Fraud Advisory Services

It appears that the toy retailer Toys R Us is the latest big business to demonstrate how easy it is for the fraudster to attack if simple anti fraud prevention methods are not observed. Embezzlement master Paul Hopes stole some £3.7 million from the toy giant in 14 sums ranging from £101,000 to £350,000 at a time.

Over a period of around three years beginning in 2005, Hopes raised fictitious invoices for Far East toy suppliers so that he was able to arrange payment into accounts that he controlled. Yes it was as simple as that! He was a company accountant of some 23 years and the company had complete trust in him. They did not expect him to be a fraudster and therefore clearly allowed him to override any semblance of controls that should have prevented the theft.

Hopes wife of 36 years did not suspect anything. She has been devastated by the revelation that her dull dependable husband had stolen money from his employers to fund a lavish lifestyle including prostitutes and high living in the City.

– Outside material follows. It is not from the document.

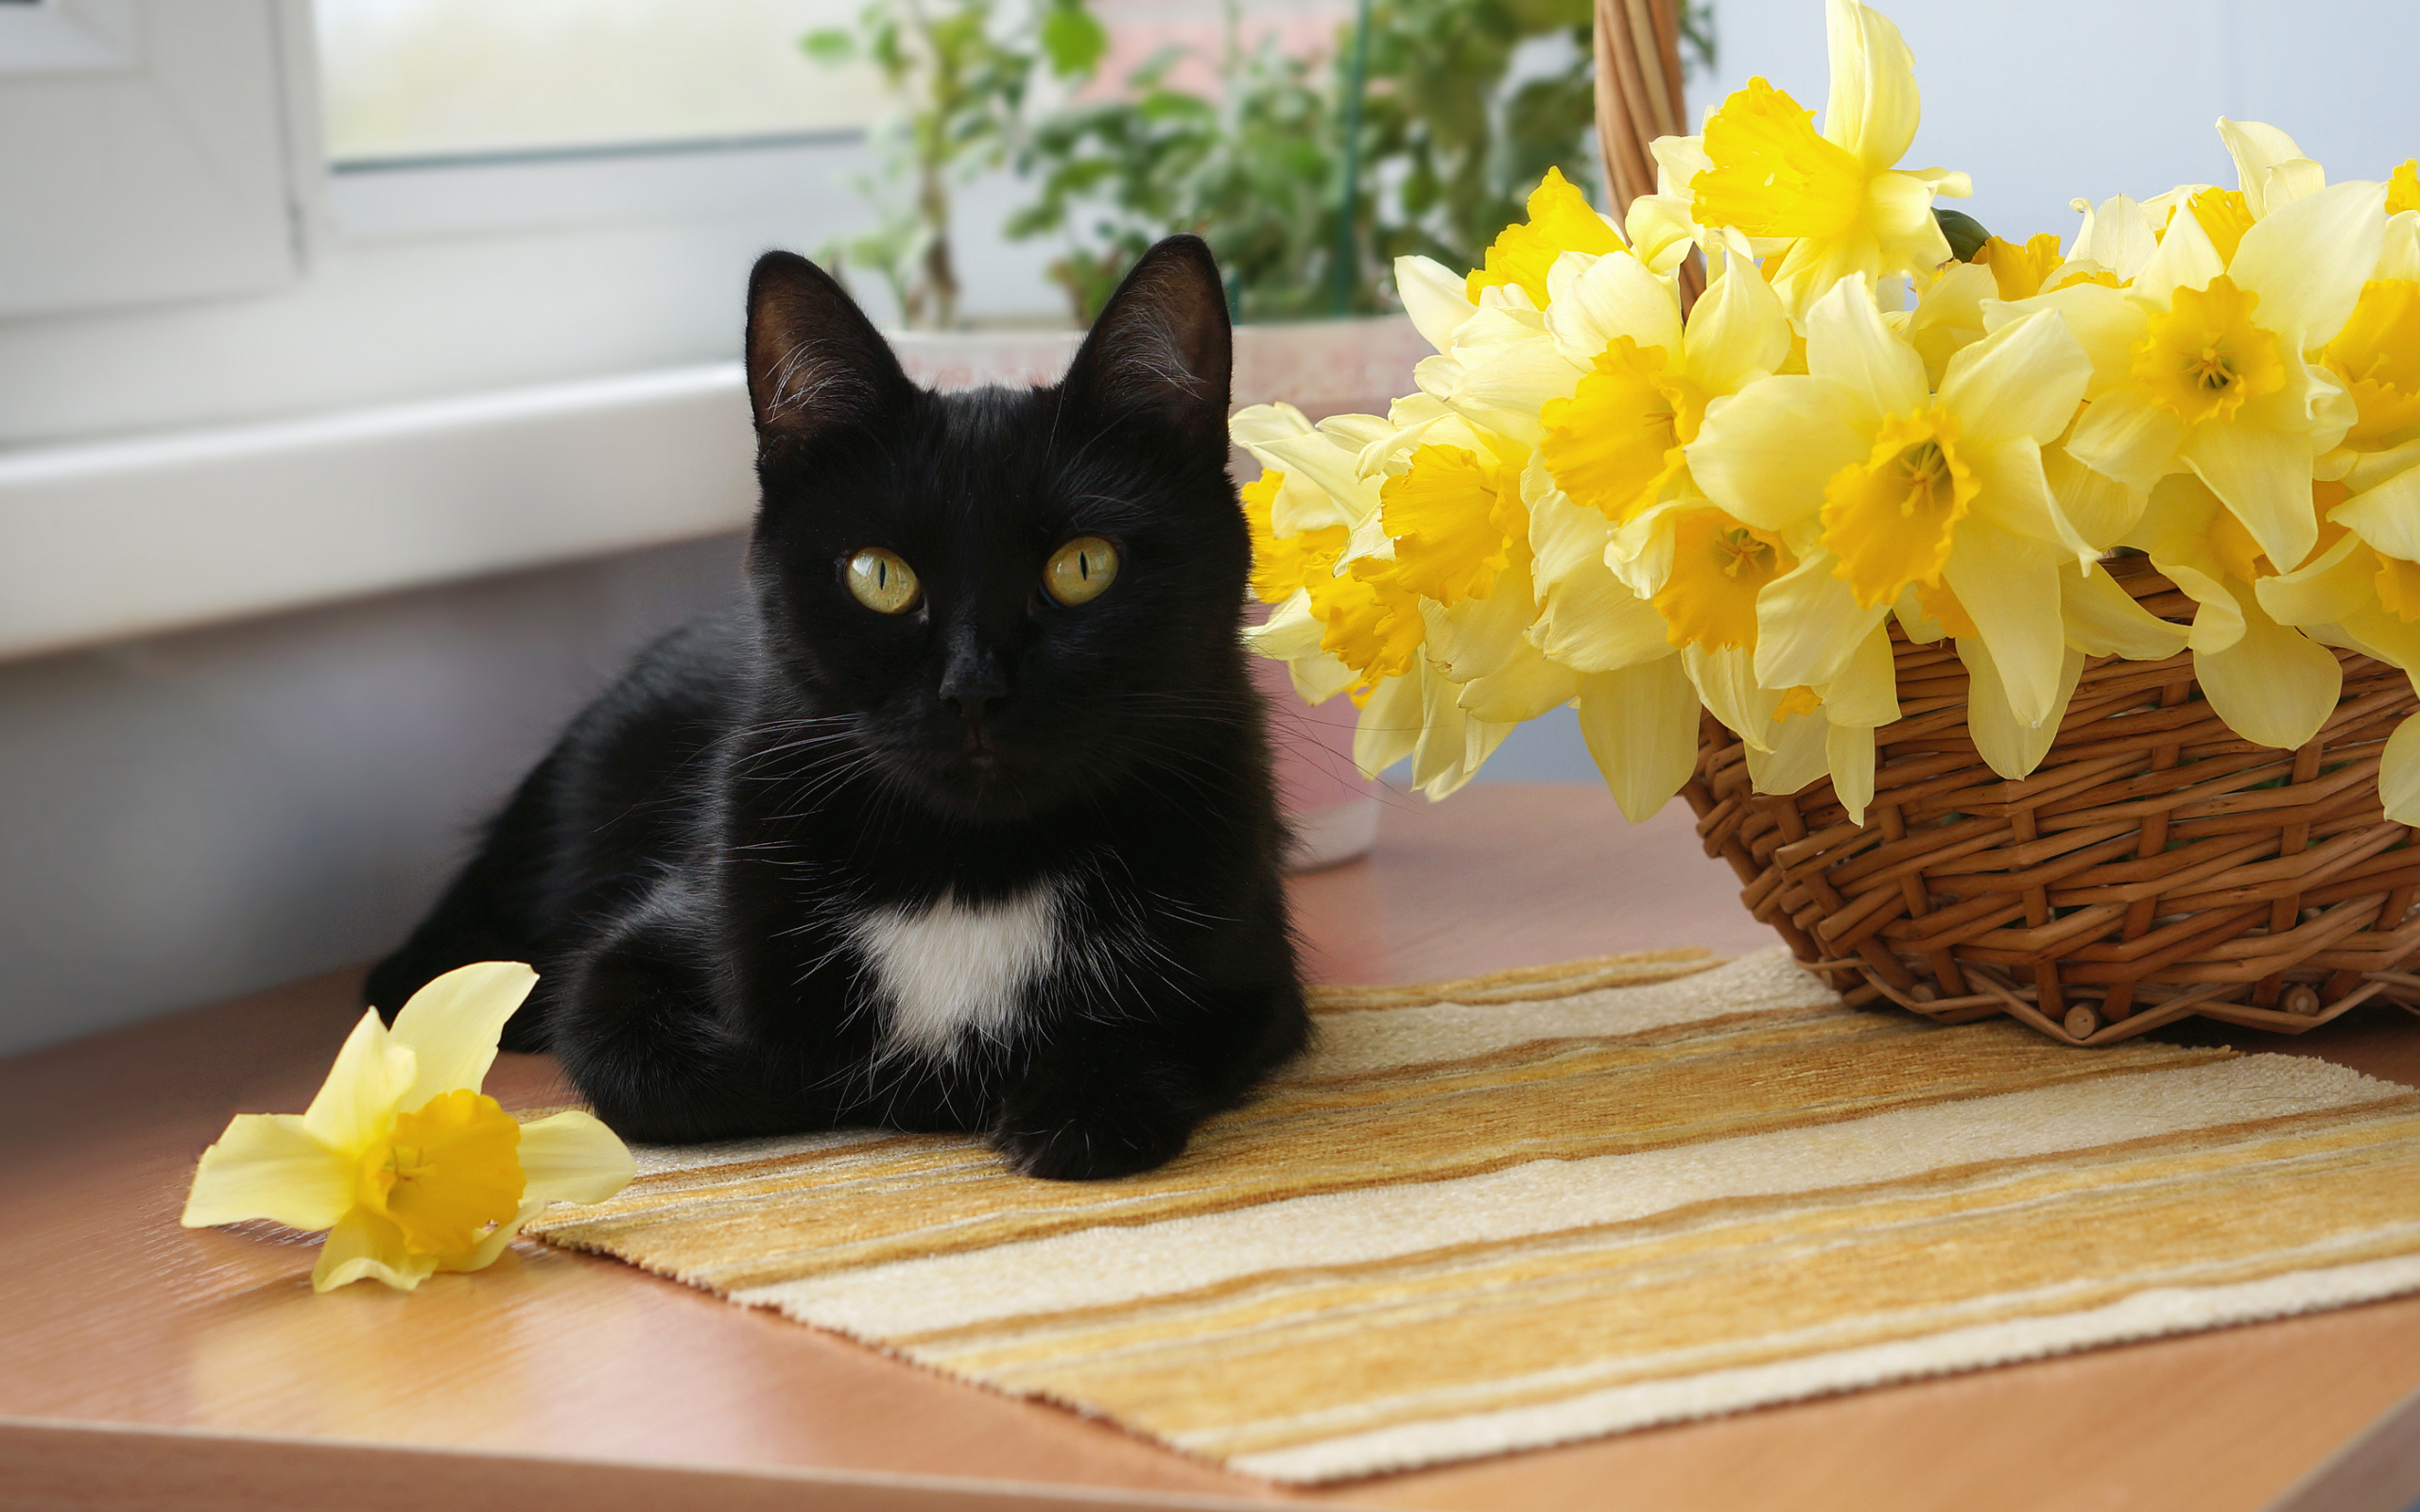 Черный кот у корзины с желтыми нарциссами

Hopes will probably spend up to 8 years in jail and have a criminal confiscation of assets order made against hime that will wipe out everything he owns. In addition, Toys R Us is now attempting to recover any money that hasn’t been spent through civil asset recovery. This will mean targeting the family home and assets that Hopes may have transferred to his unsuspecting wife.

The American company has more than 1,500 stores in 33 different countries, with its New York outlet being the biggest toy shop in the world. It is surprising that such a large organisation did not have the basic anti fraud controls in place to stop this simplest of thefts! How much would it cost to implement a system of supervision and review, account vetting and credit limit monitoring? The cost of implementing and regularly reviewing such a system would be a lot less than the final bill to Toys R Us for this escapade. It was not even the company’s systems that discovered the fraud, which merrily escaped both the internal and external auditors for three years running. It was the attention drawn by one of the prostitutes used by Hopes and lavished expensive gifts upon that acted as a whistle blower on the embezzlement.

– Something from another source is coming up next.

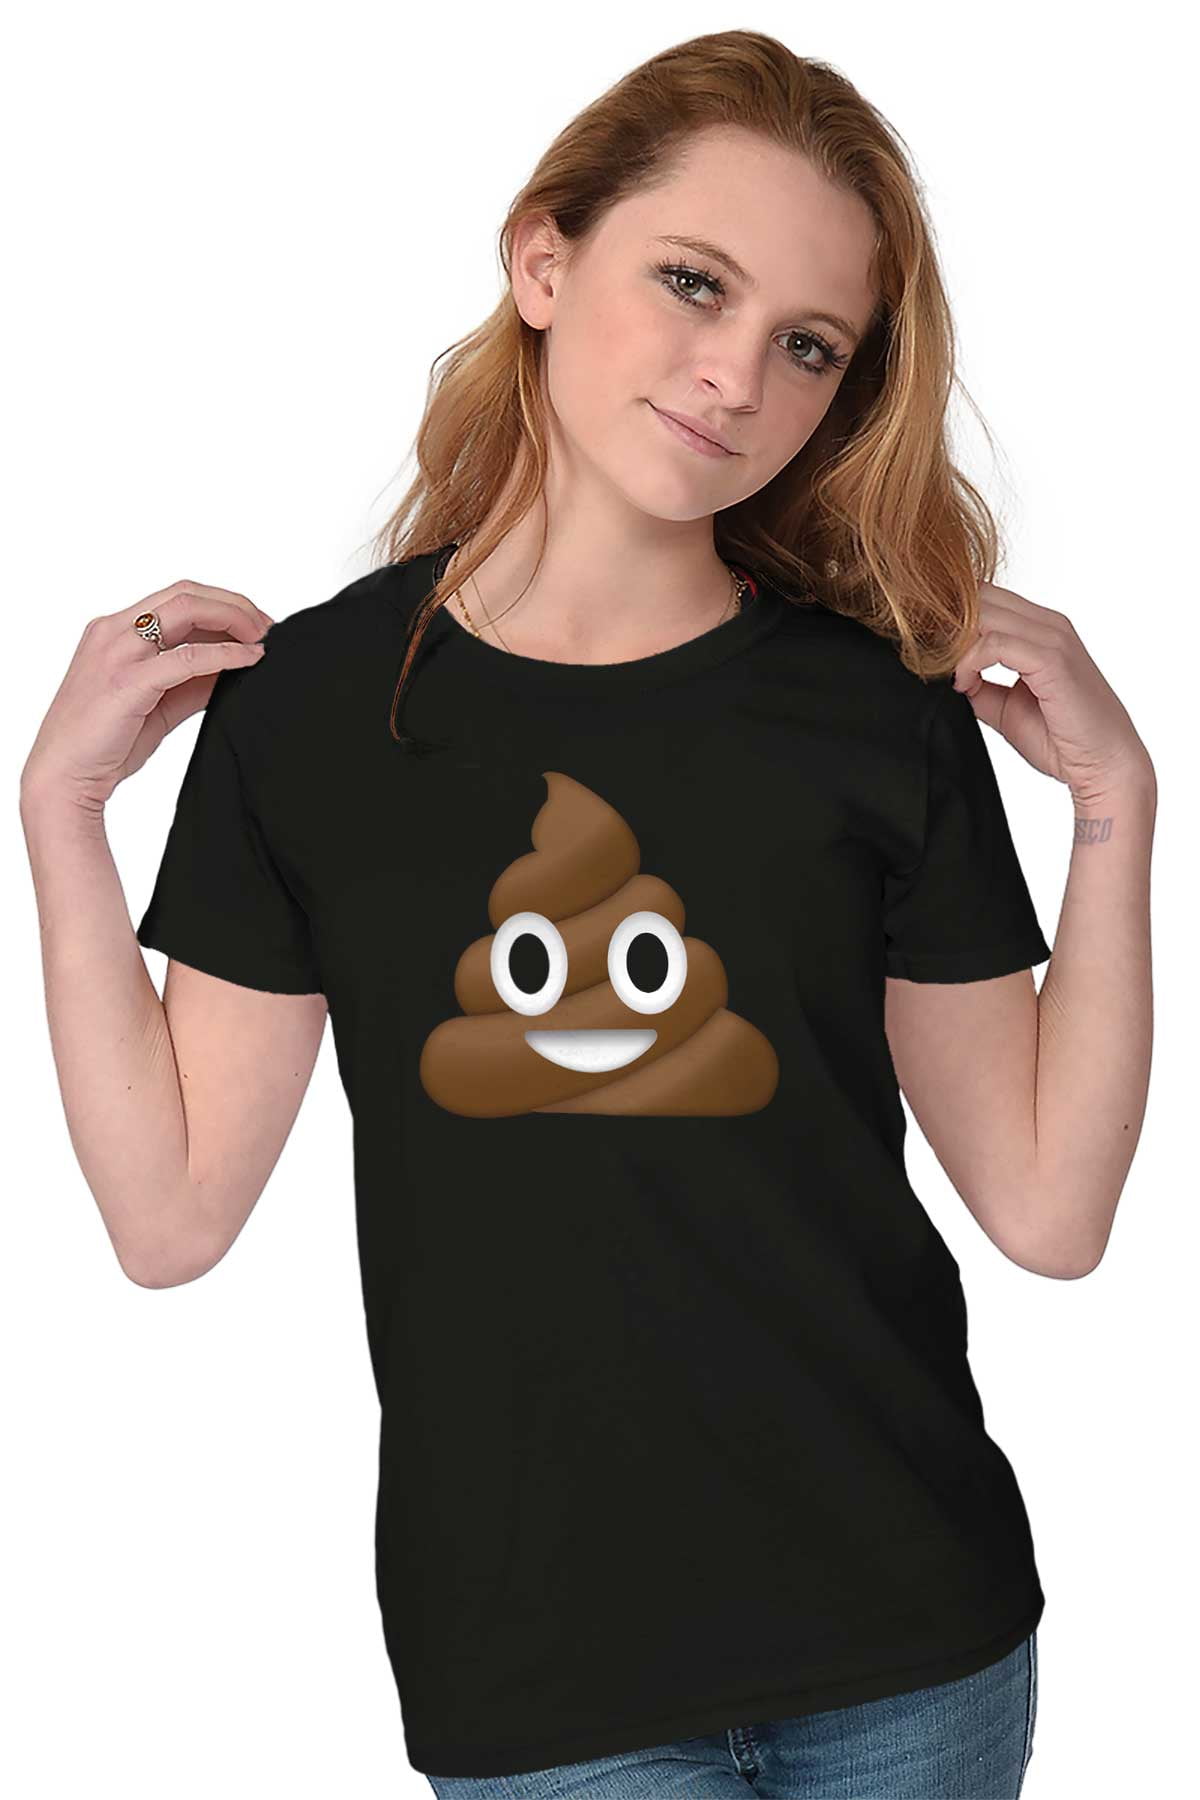 Emoji Tees Shirts Tshirts For Womens picture

There is a mature and capable anti-fraud industry that is underutilised by corporations world wide. For a reasonable sum, experts in fraud protection and fraud detection can review systems of the smallest to the largest companies. However, it appears that these concerns would rather spend 10 times the amount investigating even larger losses when the fraudster strikes.

Most fraud experts, myself as a forensic accountant specialising in fraud included, will provide initial advice free of charge that could save you huge amounts in the long run – even if we hope to get your business!

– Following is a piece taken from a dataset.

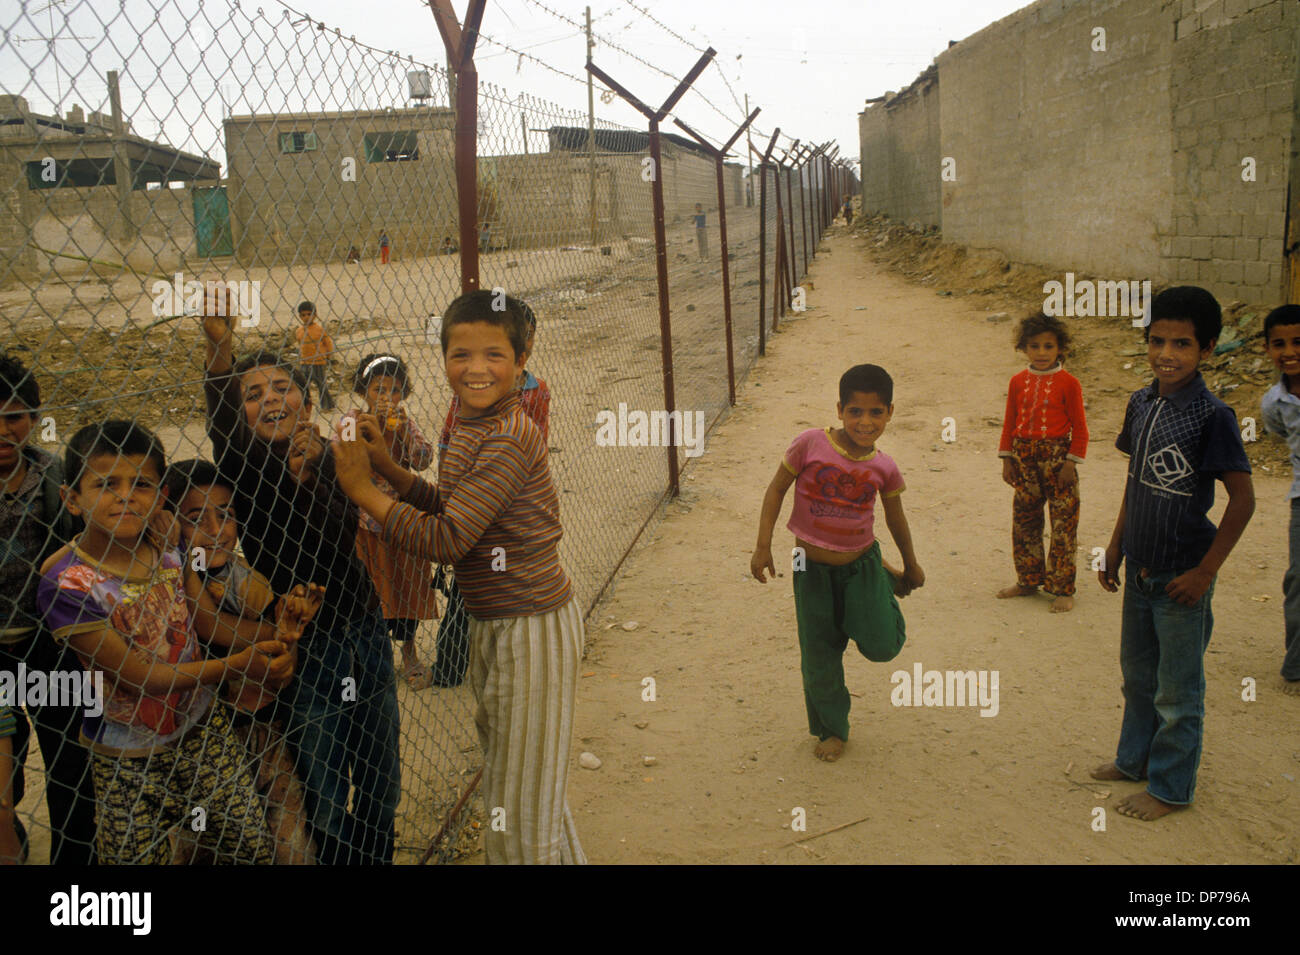 Rafah, palestinien, bande de Gaza avril 1982. Des enfants palestiniens jouent à travers la ville divisée. Quand Israël se retire du Sinaï en 1982, dans le cadre du traité de paix Égypte-Israël de 1979. Rafah a été divisé en une partie gazaouie et une partie égyptienne, divisant les familles, séparées par des barrières barbelées. HOMER SYKES des années 1980 Banque D'Images

If an employee steals from the organisation he or she is working for there are a number of ways in which this can be dealt with. The decision will no doubt be based on the organisation’s fraud policy and what it wants to achieve. Does it want its money back, to sack the fraudster or to make a public example of the issue? The alternatives include:

• Reporting the employee to the police – the police may or may not be interested. If they are – they may investigate. If they do, this can be disruptive to the business. Often however, given the shortage of police fraud investigation resources the response to a fraud report may well be a request to provide comprehensive details of the occurrence i.e. effectively to go and investigate the fraud yourselves!
• Commencing some form of disciplinary action in order to safely remove the fraudster from the business. This has to be done with care because inappropriate treatment of staff can lead to claims for unfair dismissal or constructive dismissal – even by the guilty fraudster!
• To investigate the fraud using internal or external resources with the view to instigating some form of civil litigation for recovery of the losses due to fraud.

Very often, however, an organisation will do none of the above! They will let the perpetrator go with a reference on the understanding that this is the end of the matter. Incredible though it seems, this is exactly what some major financial institutions or publicly listed companies will do. Not wanting any publicity to impact share prices perhaps, they prefer to hush the matter up!

I am aware of one major building society turned bank that caught one of its employees recently having fraudulently obtained substantial loans and conducted a preliminary investigation. Then they simply asked the person to leave. Around a month later it emerged that the person was working nearby, in one of the UK’s largest credit card insurance providers!

The fraudster was able to obtain another sensitive position, obviously with the assistance of a reference from its former employer. This is irresponsible action by the bank, as it sends out a strong message to would-be fraudsters that it is possible to get away with it. It flies in the face of all fraud prevention efforts being preached by the regulators, various fraud fora and even by fraud experts like myself. How can we combat fraud, if we do not deal with it fully when discovered?

The recent news that a number of T Mobile employees were selling customers details to competitors shows how lenient penalties can encourage fraud and theft. In this case we have the Information Commissioner complaining that the maximum fine of £5,000 from the Magistrates Court is unlikely to be reached, and that harsher penalties should be available to deter this activity. Why do we not simply prosecute – it is theft after all!